Serious concerns emerge over joint enterprise laws

Joint enterprise laws allow groups to be collectively convicted of a crime, including people who didn't commit it. New evidence compiled by the Bureau for Investigative Journalism shows its application is often questionable.

Melanie McFadyean Maeve McClenaghan Rachel Stevenson
1 April 2014

Laura Mitchell’s school days were cut short when she fell pregnant at 16. Five years later she had got her life together, was bringing up her son, had gone back to study, passed her GCSEs and was about to start a midwifery course. She had everything to look forward to until a night out ended in murder.

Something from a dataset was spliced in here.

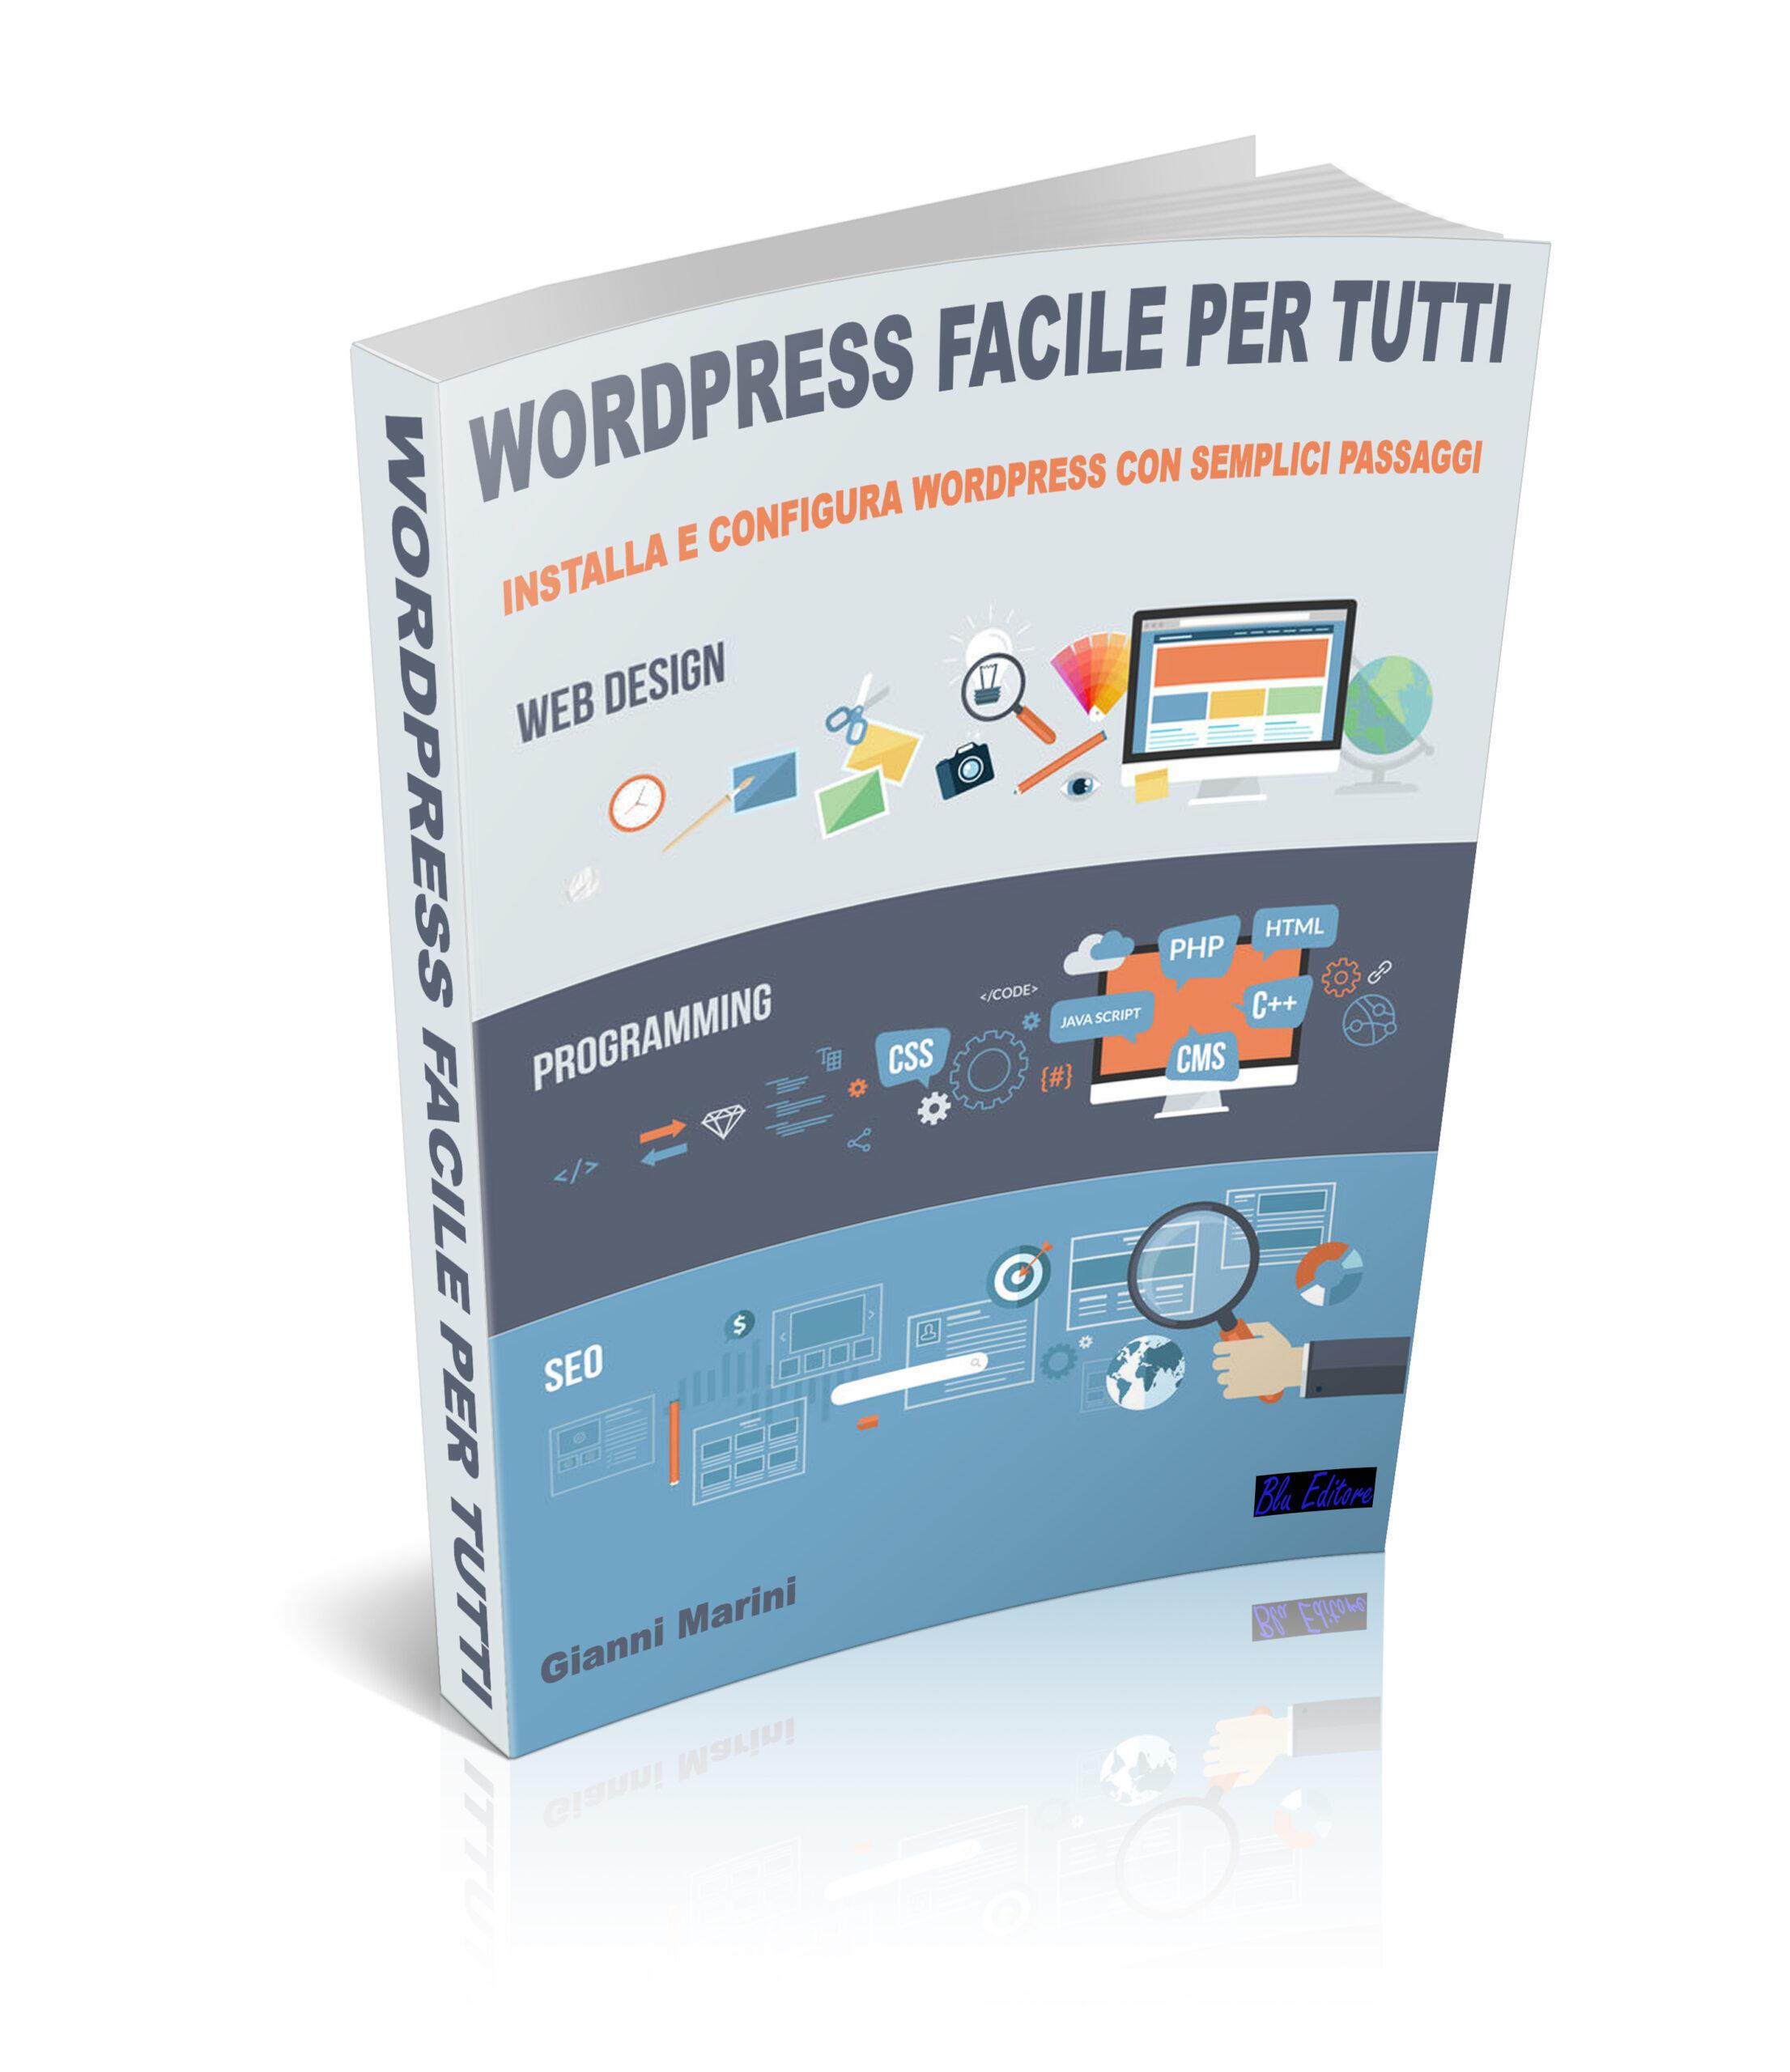 WordPress facile per tutti

That Saturday night in January 2007, Mitchell was on her way to the cinema with her boyfriend Michael Hall. They stopped for a drink at the Kings Head in Buttershaw in Bradford where they lived. Mitchell’s younger sister Casey Kellet remembers that they were on their way to see The Pursuit of Happyness  (sic) but never made it to the cinema. About 2am they left the pub and piled into a taxi parked outside. It turned out to have been booked by someone else and a fight broke out. When it ended Mitchell began stumbling about the car park trying to find her shoes, which had come off in the fight. Meanwhile, some of her male companions went to a nearby friend’s house, armed themselves with weapons and returned. A much more serious fight broke out during which a man was killed.

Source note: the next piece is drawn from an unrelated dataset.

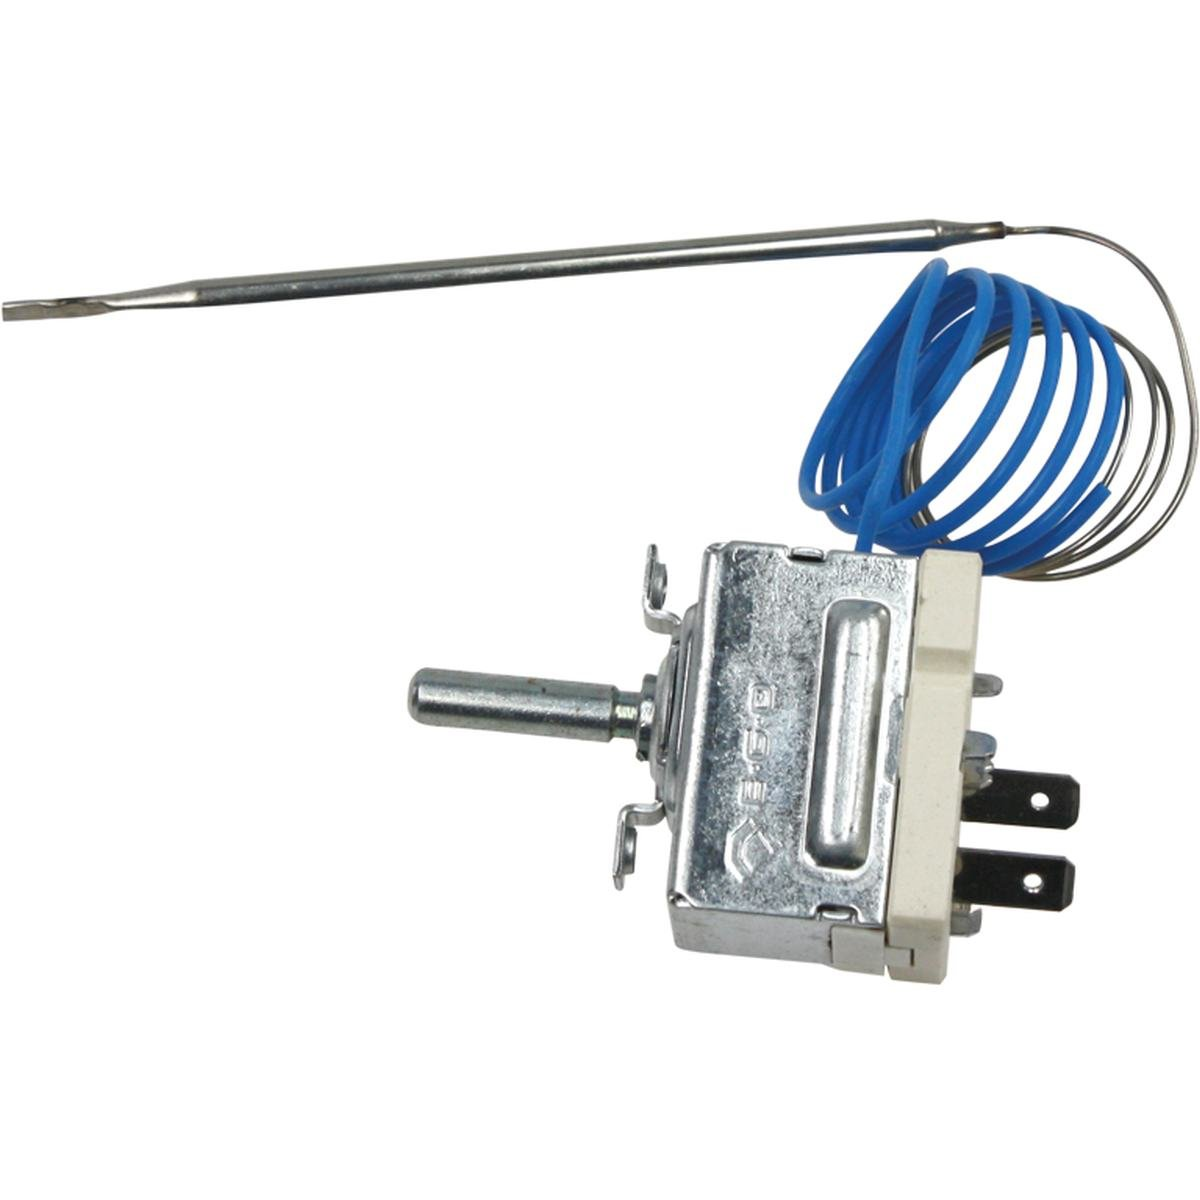 Ugnstermostat - Bosch Siemens

One of the group, Carl Holmes, pleaded guilty to murder and got life. Mitchell, her boyfriend and another man were also convicted and given life sentences. In Mitchell’s case, under the 300-year-old law of joint enterprise, remaining in the car park made her complicit in the murder, even though it was accepted in court that she might not have participated in the second attack at all.

There is a growing chorus of concern from leading figures in the judiciary and academia, MPs and campaign groups that something is wrong with a law that makes someone like Mitchell a murderer. Joint enterprise allows for more than one person to be charged for the same crime. If it can be proved that the participants were working together, they are all guilty of the crimes committed during the course of their joint enterprise, regardless of the role they played. Even though you fired no shot, threw no punch, stabbed nobody - if you were there, or were connected to people who were there, and can be shown to have realised a murder may happen - joint enterprise says you can be found guilty.

The Bureau of Investigative Journalism  set out to examine the law, and to establish in the absence of official data, how often it is used and how many cases there might be like Mitchell’s, which cast doubt on the fairness of the law. Now, for the first time, the Bureau is able to supply new evidence into the extent joint enterprise is used in homicide convictions. This includes murder, which carries an automatic mandatory life sentence.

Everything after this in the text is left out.